─── Recorded data ───

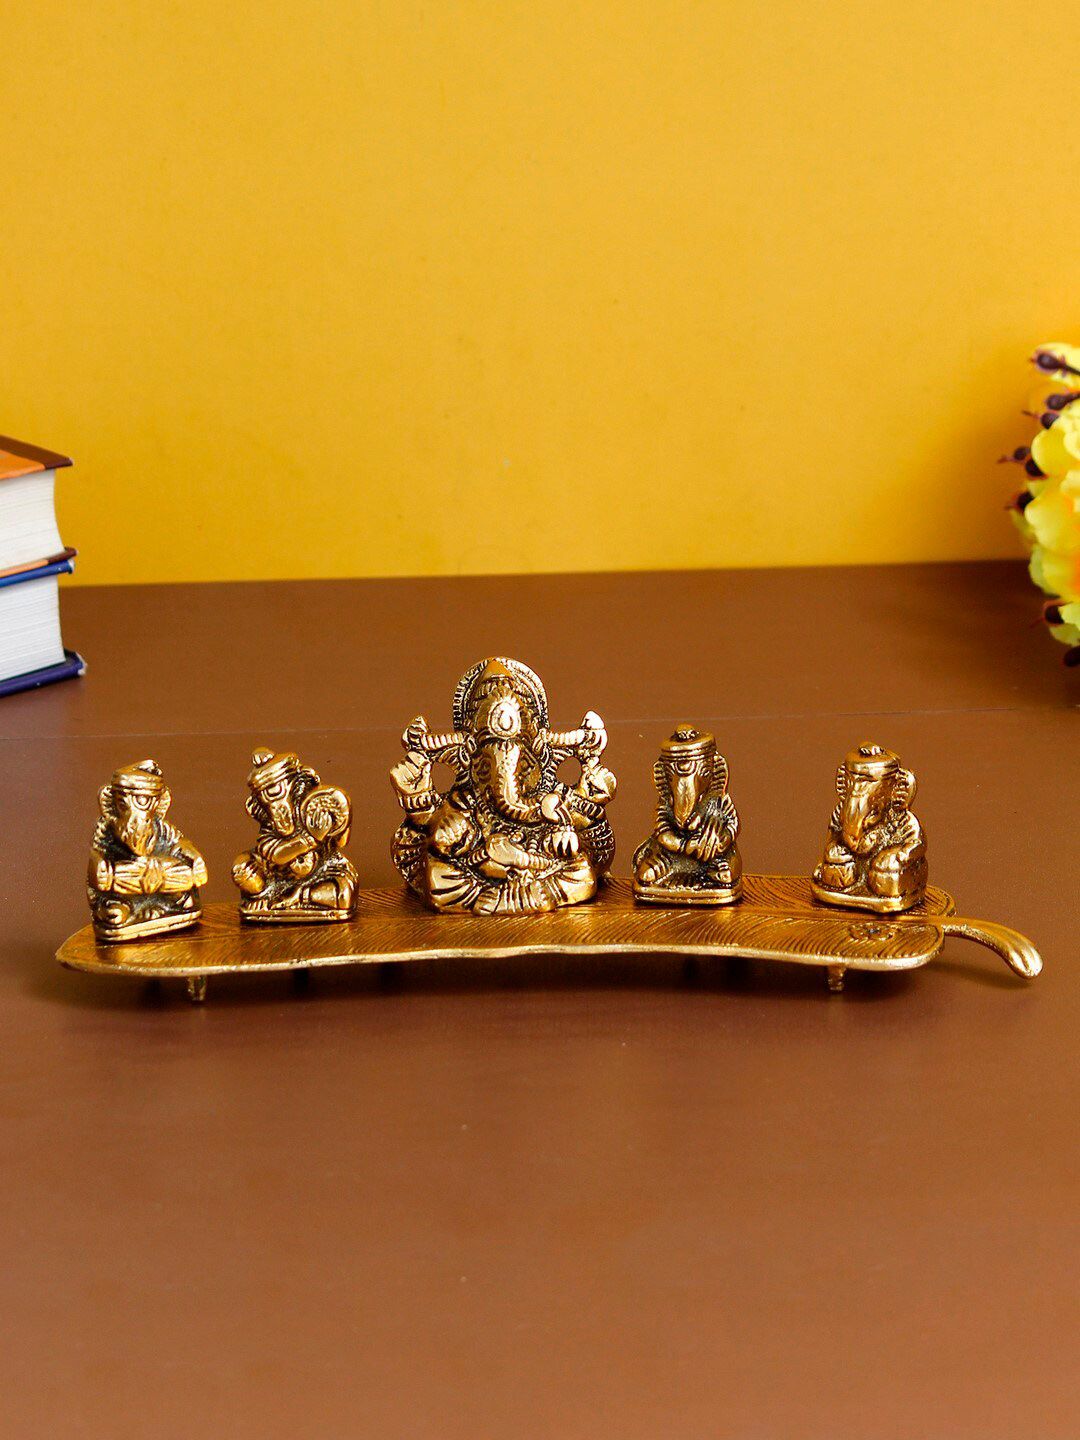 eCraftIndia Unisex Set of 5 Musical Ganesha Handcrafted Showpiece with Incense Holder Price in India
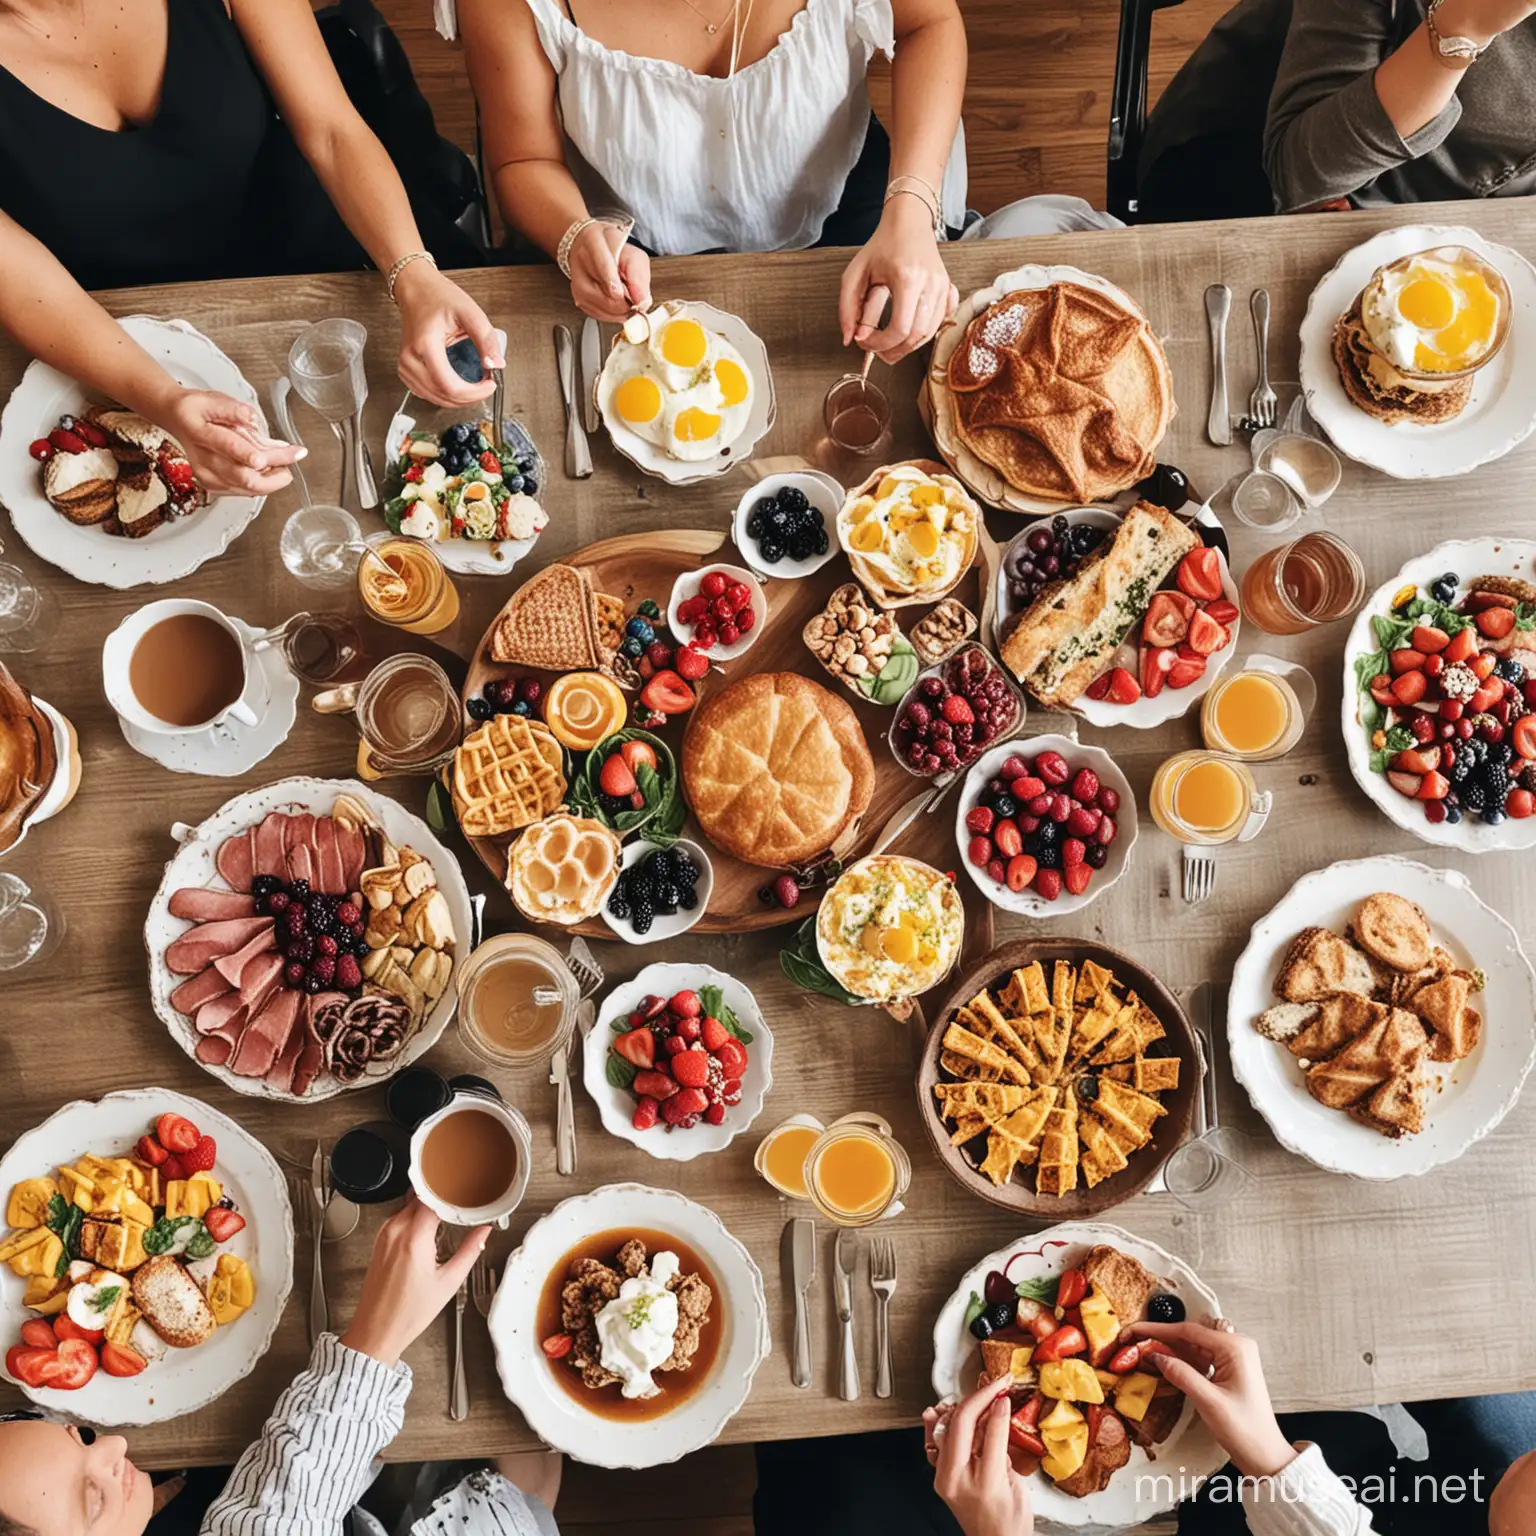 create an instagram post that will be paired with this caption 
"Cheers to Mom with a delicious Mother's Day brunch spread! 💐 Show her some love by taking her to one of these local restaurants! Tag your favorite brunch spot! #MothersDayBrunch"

───

• [Work to be completed]: Write out all of the data above exactly, pictures excluded.

• [Result of the exercise]:
 eCraftIndia Unisex Set of 5 Musical Ganesha Handcrafted Showpiece with Incense Holder Price in India
 create an instagram post that will be paired with this caption 
"Cheers to Mom with a delicious Mother's Day brunch spread! 💐 Show her some love by taking her to one of these local restaurants! Tag your favorite brunch spot! #MothersDayBrunch"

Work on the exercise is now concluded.